Install The Cluster Software

If you are using Red Hat Enterprise Linux, you will need to add the RHEL Server Optional (v. 6 64-bit x86_64) channel for each node in your cluster. You can do this in RHN by going the your subscription management page, clicking on each server, clicking on "Alter Channel Subscriptions", click to enable the RHEL Server Optional (v. 6 64-bit x86_64) channel and then by clicking on "Change Subscription".

This actual installation is simple, just use yum to install cman.

yum install cman fence-agents

Initial Config

Everything uses ricci, which itself needs to have a password set. I set this to match root.

Both:

passwd ricci

New password: 
Retype new password: 
passwd: all authentication tokens updated successfully.

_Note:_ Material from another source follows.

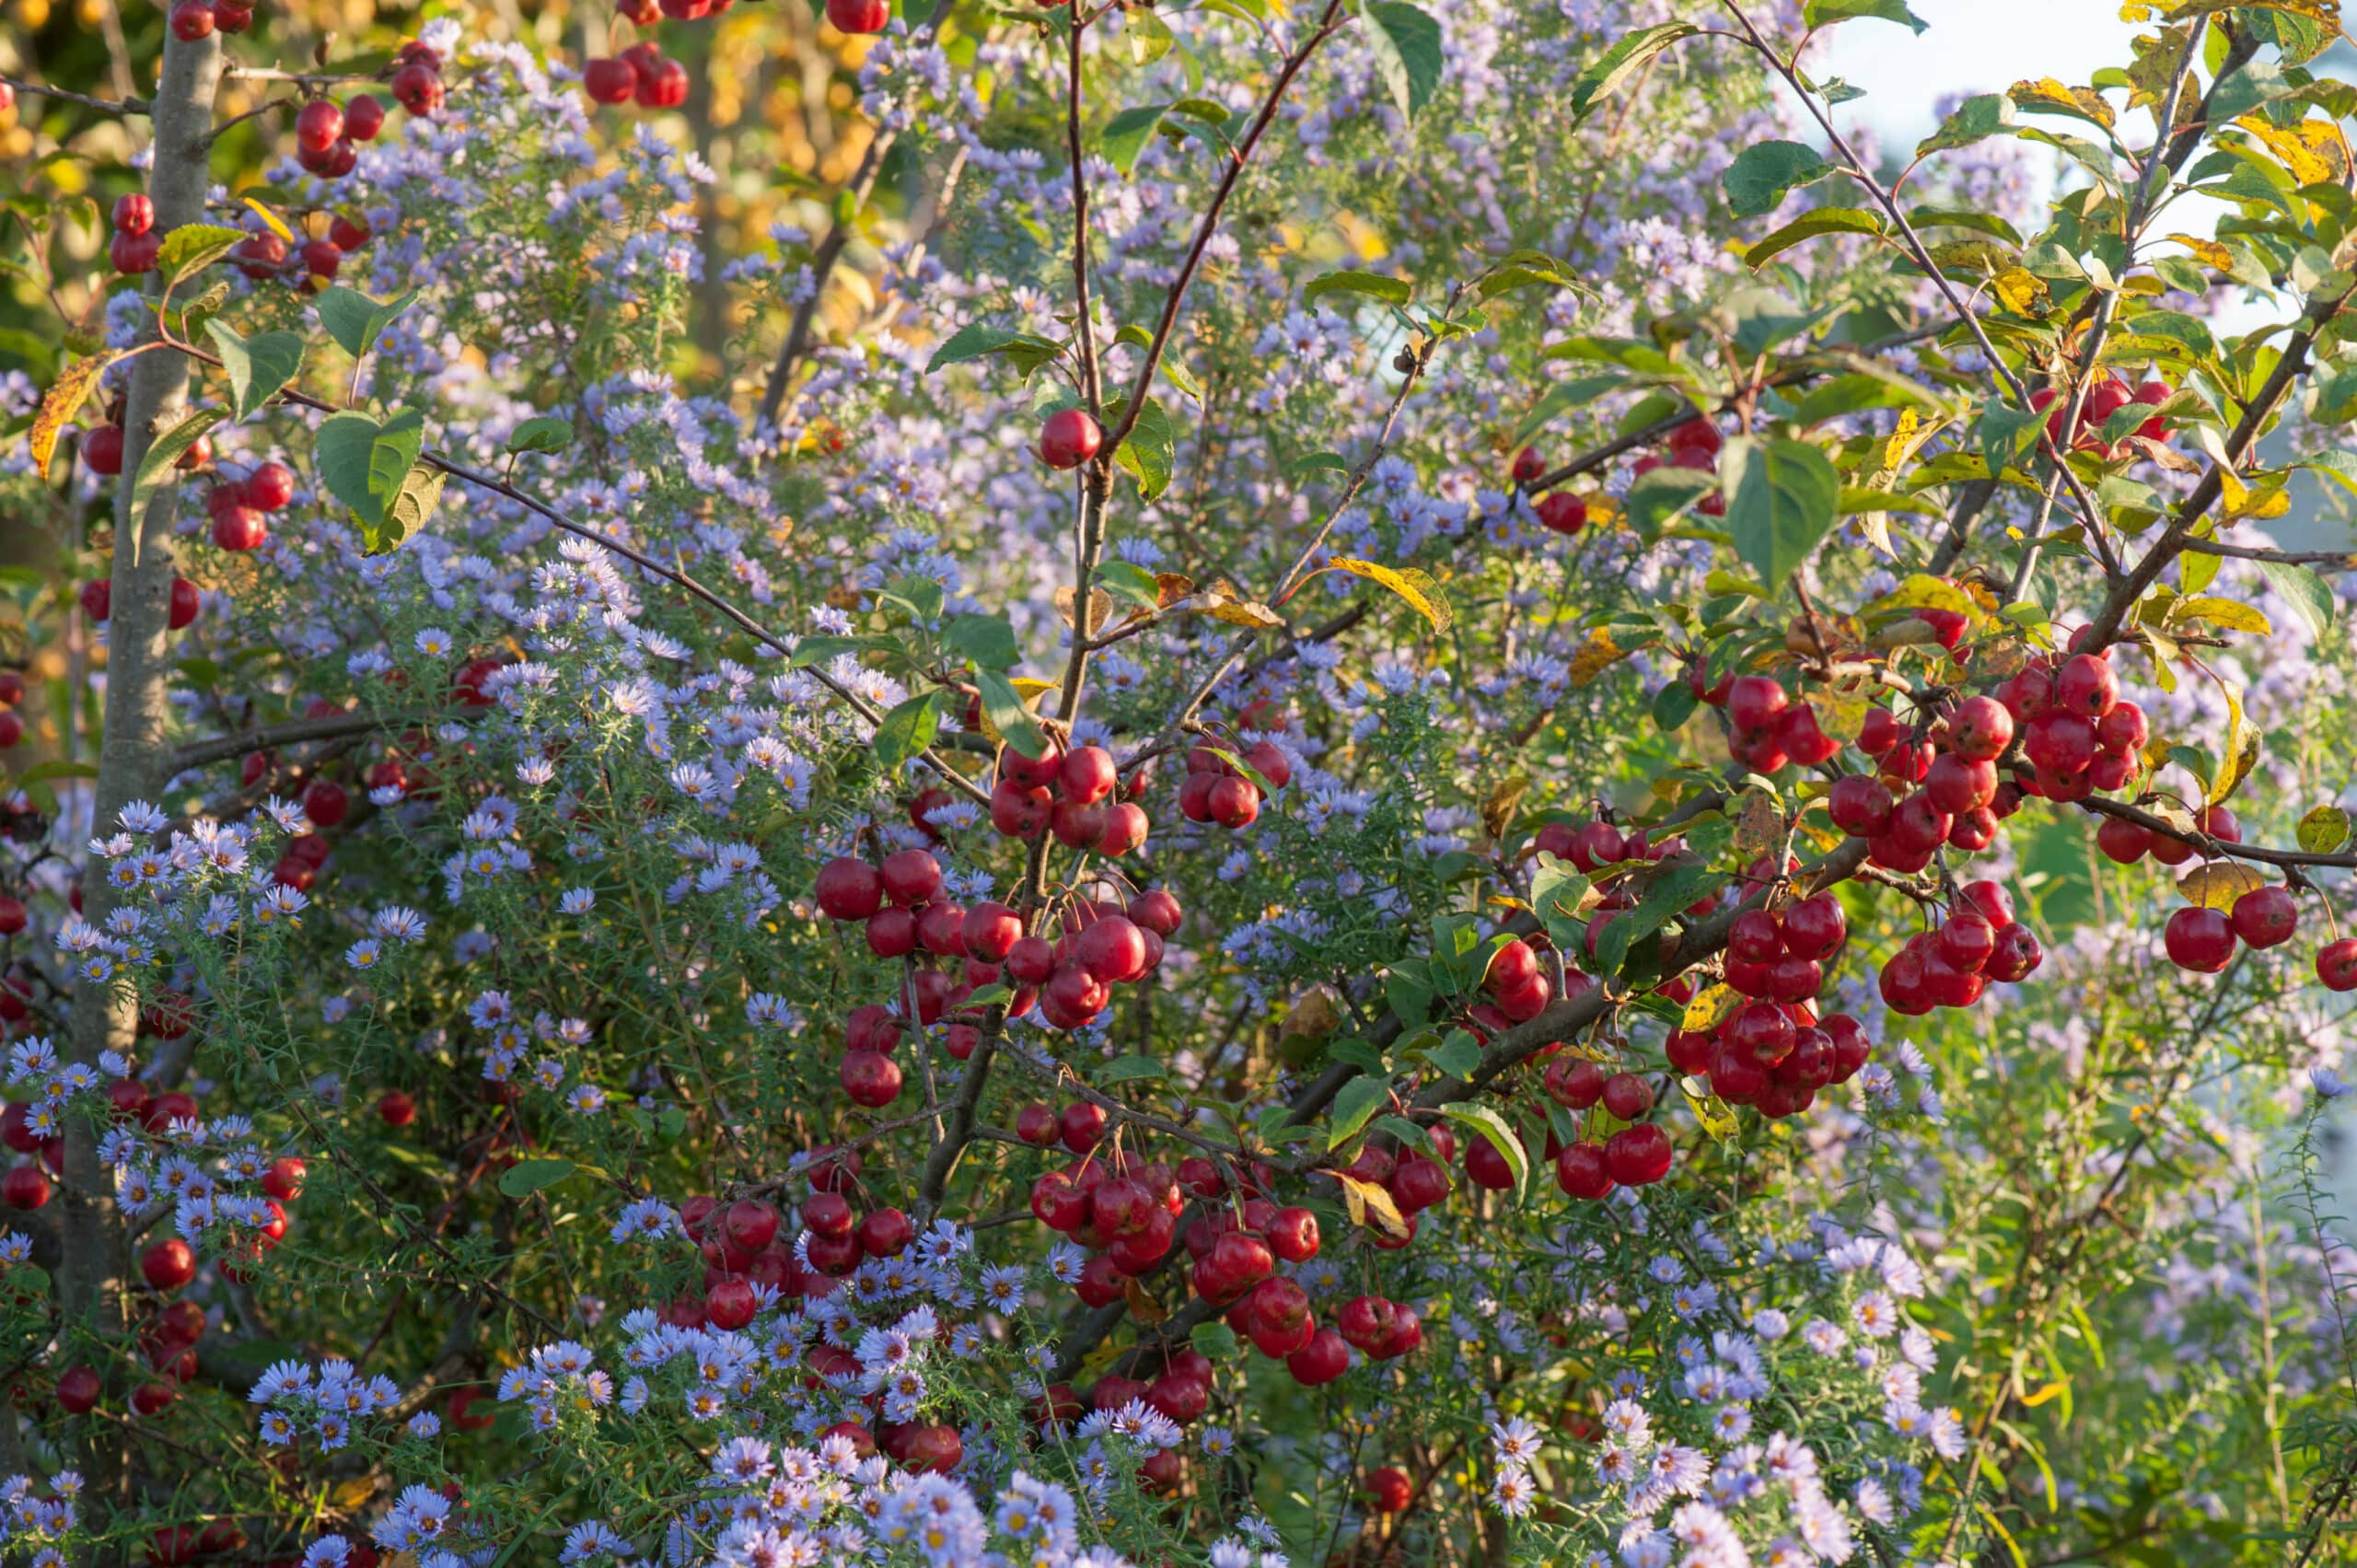 Aster novi-belgii and branches of Malus 'Evereste' - Ornamental apple with fruits

With these decisions and the information gathered, here is what our first /etc/cluster/cluster.conf file will look like.

touch /etc/cluster/cluster.conf
vim /etc/cluster/cluster.conf

<?xml version="1.0"?>
<cluster name="an-clusterA" config_version="1">
        <cman two_node="1" expected_votes="1" />
        <totem secauth="off" rrp_mode="none" />
        <clusternodes>
                <clusternode name="an-node01.alteeve.com" nodeid="1">
                        <fence>
                                <method name="PDU">
                                        <device name="pdu2" action="reboot" port="1" />
                                </method>
                        </fence>
                </clusternode>
                <clusternode name="an-node02.alteeve.com" nodeid="2">
                        <fence>
                                <method name="PDU">
                                        <device name="pdu2" action="reboot" port="2" />
                                </method>
                        </fence>
                </clusternode>
        </clusternodes>
        <fencedevices>
                <fencedevice name="pdu2" agent="fence_apc" ipaddr="192.168.1.6" login="apc" passwd="secret" />
        </fencedevices>
        <rm>
                <resources>
                        <ip address="192.168.2.100" monitor_link="on"/>
                </resources>
                <failoverdomains>
                        <failoverdomain name="an1_primary" nofailback="0" ordered="0" restricted="1">
                                <failoverdomainnode name="an-node01.alteeve.com" priority="1"/>
                                <failoverdomainnode name="an-node02.alteeve.com" priority="1"/>
                        </failoverdomain>
                </failoverdomains>
                <service autostart="1" name="san_ip1" domain="an1_primary">
                        <ip ref="192.168.2.100"/>
                </service>
        </rm>
</cluster>

Save the file, then validate it. If it fails, address the errors and try again.

ip addr list | grep <ip>
rg_test test /etc/cluster/cluster.conf
ccs_config_validate

Configuration validates

Push it to the other node:

rsync -av /etc/cluster/cluster.conf root@an-node02:/etc/cluster/

sending incremental file list
cluster.conf

sent 781 bytes  received 31 bytes  541.33 bytes/sec
total size is 701  speedup is 0.86

Start:

DO NOT PROCEED UNTIL YOUR cluster.conf FILE VALIDATES!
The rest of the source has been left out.